Ladjoint transmit l'ordre à deux soldats.

— A votre avis, ils sont passés par où ?

— Aucune idée mon commandant ! J'ai vu des traces dans le sable qui se dirigeaient vers l'eau. Il semble qu'ils n'aient pas traversé ce bras de mer puisque le drone n'a rien vu.

— On va attendre le retour des éclaireurs.

— Je les vois qui reviennent.

Après quelques minutes, Val Oris fit son rapport.

— Aucune trace des fuyards.

— Si on connaissait leur destination, on pourrait tracer un itinéraire et les intercepter. Je vais informer le Messager de la situation. Dans son infinie sagesse, il pourra nous conseiller. Radio, mettez-moi en communication.

 Les soldats commencèrent à se mettre à l'ombre des bosquets d'aubépine en fleurs. Les petites grappes blanches, rouges ou roses dégageaient de subtiles senteurs et apportaient relaxation et sérénité. Le soleil de mai pouvait déjà être cruel.
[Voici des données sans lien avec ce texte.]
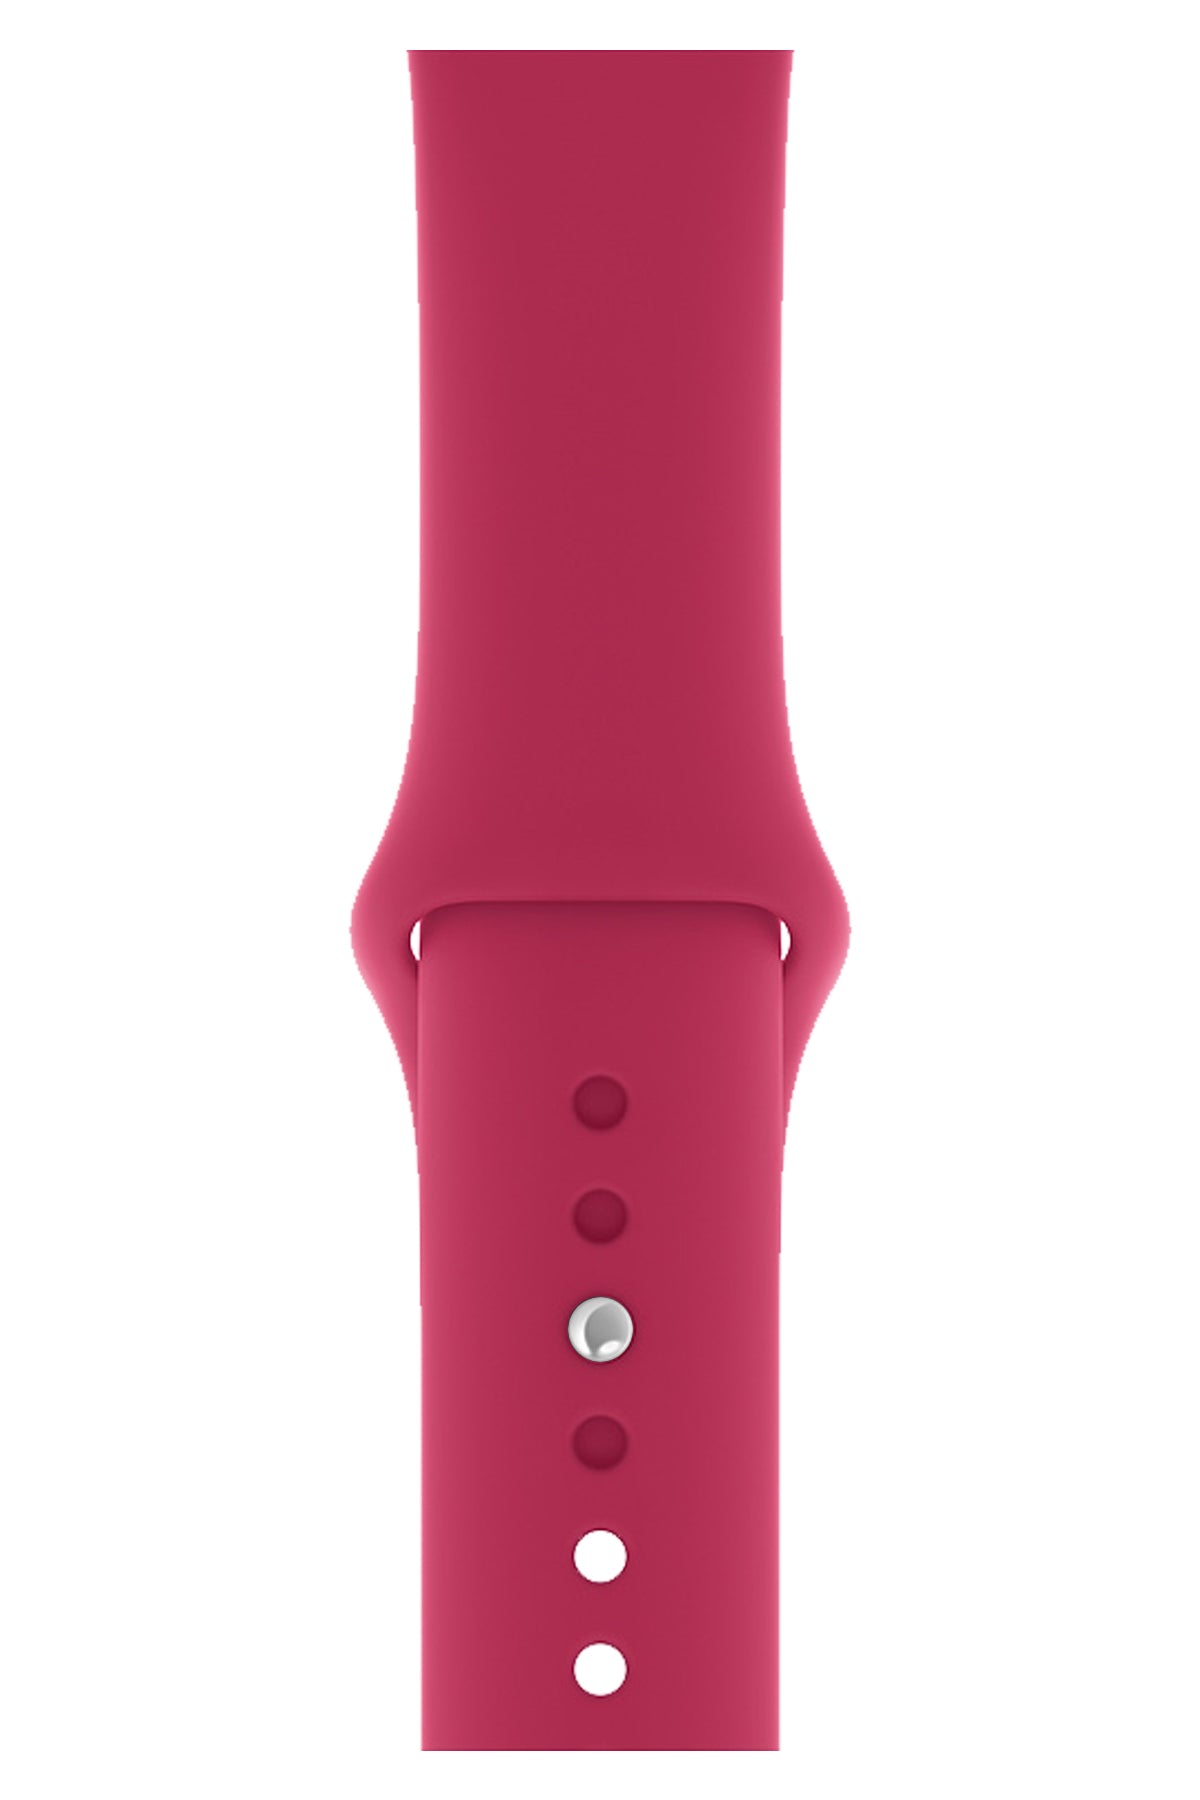 Apple Watch Compatible Silicone Sport Band Fuchsia 
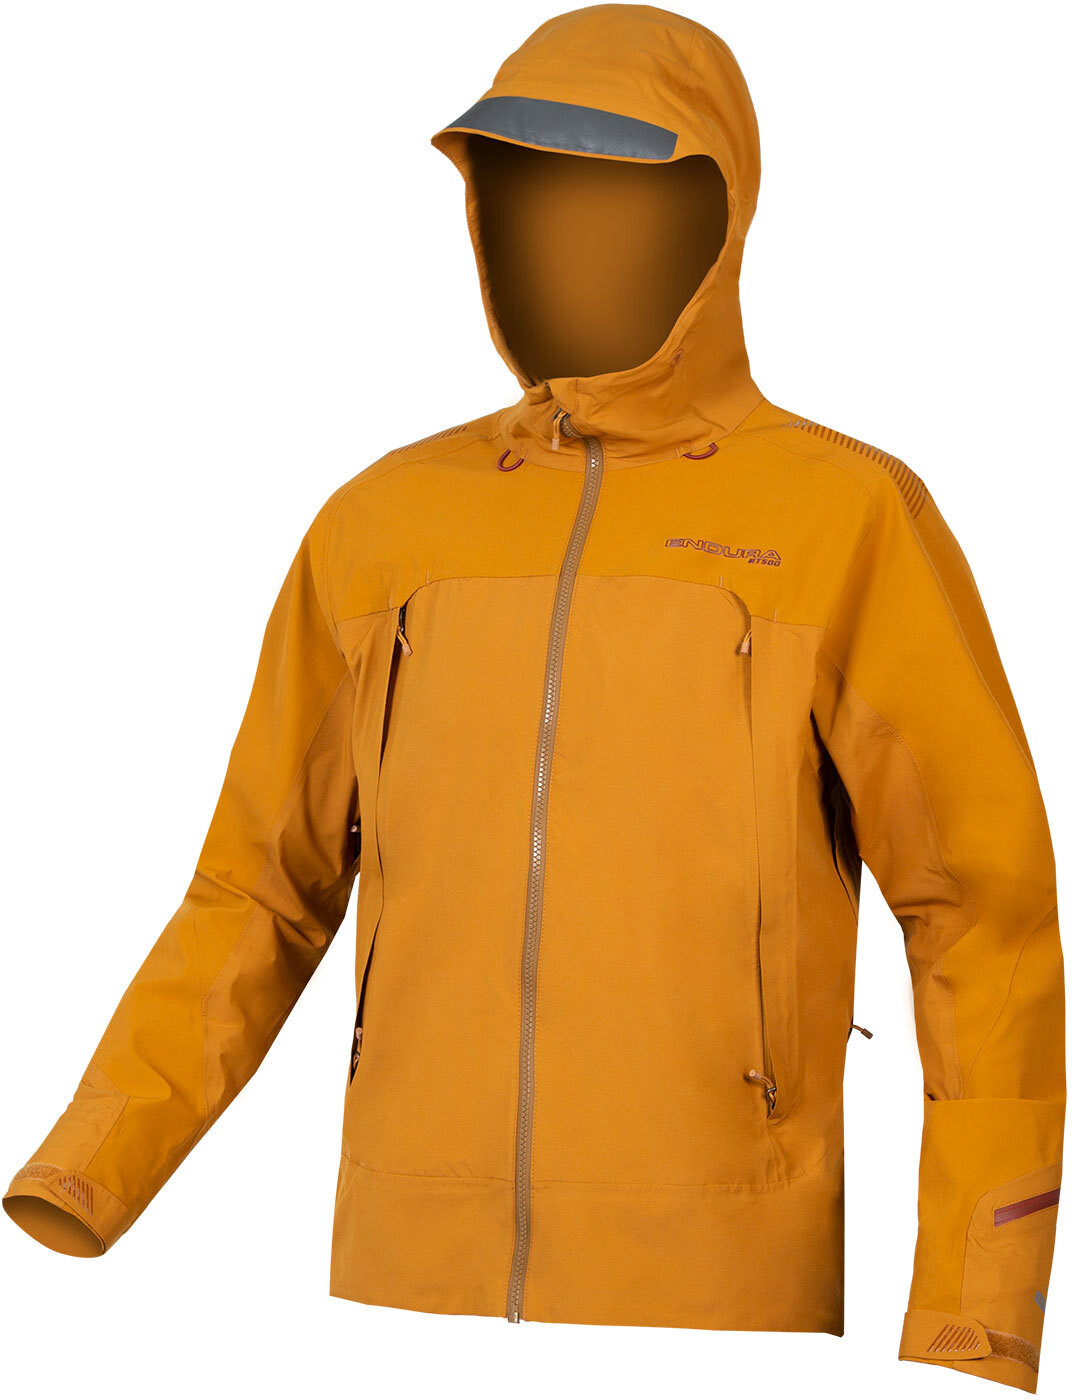 Grosvenor PU Reflektierender Regenmantel Fahrradjacke Jacke wasserdicht orange

À l'abri du couvert végétal, l'air embaumé et frais incitait au farniente après les rigueurs de la poursuite.

— Judicaret, vous avez de bonnes nouvelles j'espère ! demanda Slau sans préambule.

— Hélas non, Monseigneur ! Nous avons perdu leurs traces. Je désire bénéficier de votre clairvoyance pour accomplir la misssion que vous m'aviez confiée.

— Ils veulent ou plutôt le jeune Matéo veut atteindre les Monts Atanary dans la chaîne des Pyrénées.

— Monseigneur ! Il n'y a rien là-bas !

— Il veut atteindre le Sanctuaire.

— Je n'ai aucune crainte à ce sujet. Personne n'a jamais réussi à franchir la Brèche de Roland.

— Judicaret, Il faut les intercepter avant qu'il n'atteigne ce col. Pour casser toute velléité de lui venir en aide, je veux que vous exécutez tous ceux qui lui donneront l'hospitalité de telle sorte que cela se sache et que la terreur règne dans ces contrées. Je vous envoie quelques drones pilotés qui se chargeront de cette besogne. Dès que vous les interpellerez, lui et ses compagnons, vous les mettrez à mort immédiatement. Vous avez compris Judicaret ?

— Vos ordres sont enregistrés, Monseigneur.

— Vous devez à tout prix lui couper la route vers le sanctuaire. Dès que la cible est atteinte, informez-moi !

— A vos ordres Monseigneur !

— Fin de la communication, commandant ! informa le radio.

— On lève le camp ! Val Oris, rassemblez les hommes !

 Matéo attendit encore une dizaine de minutes après le départ des soldats avant de sortir de de l'eau. À l'approche de l'escouade Judicaret, il avait matérialisé des respirateurs et tous s'étaient réfugiés dans la mangrove en emportant le corps de Max ainsi que le brancard qui avait permis à Gibraltar de le transporter. Ils s'immergèrent, anxieux à l'idée d'être repérés. De temps en temps, l'un d'eux sortait la tête de l'eau pour épier la petite troupe qui prenait ses aises sur le sable fin.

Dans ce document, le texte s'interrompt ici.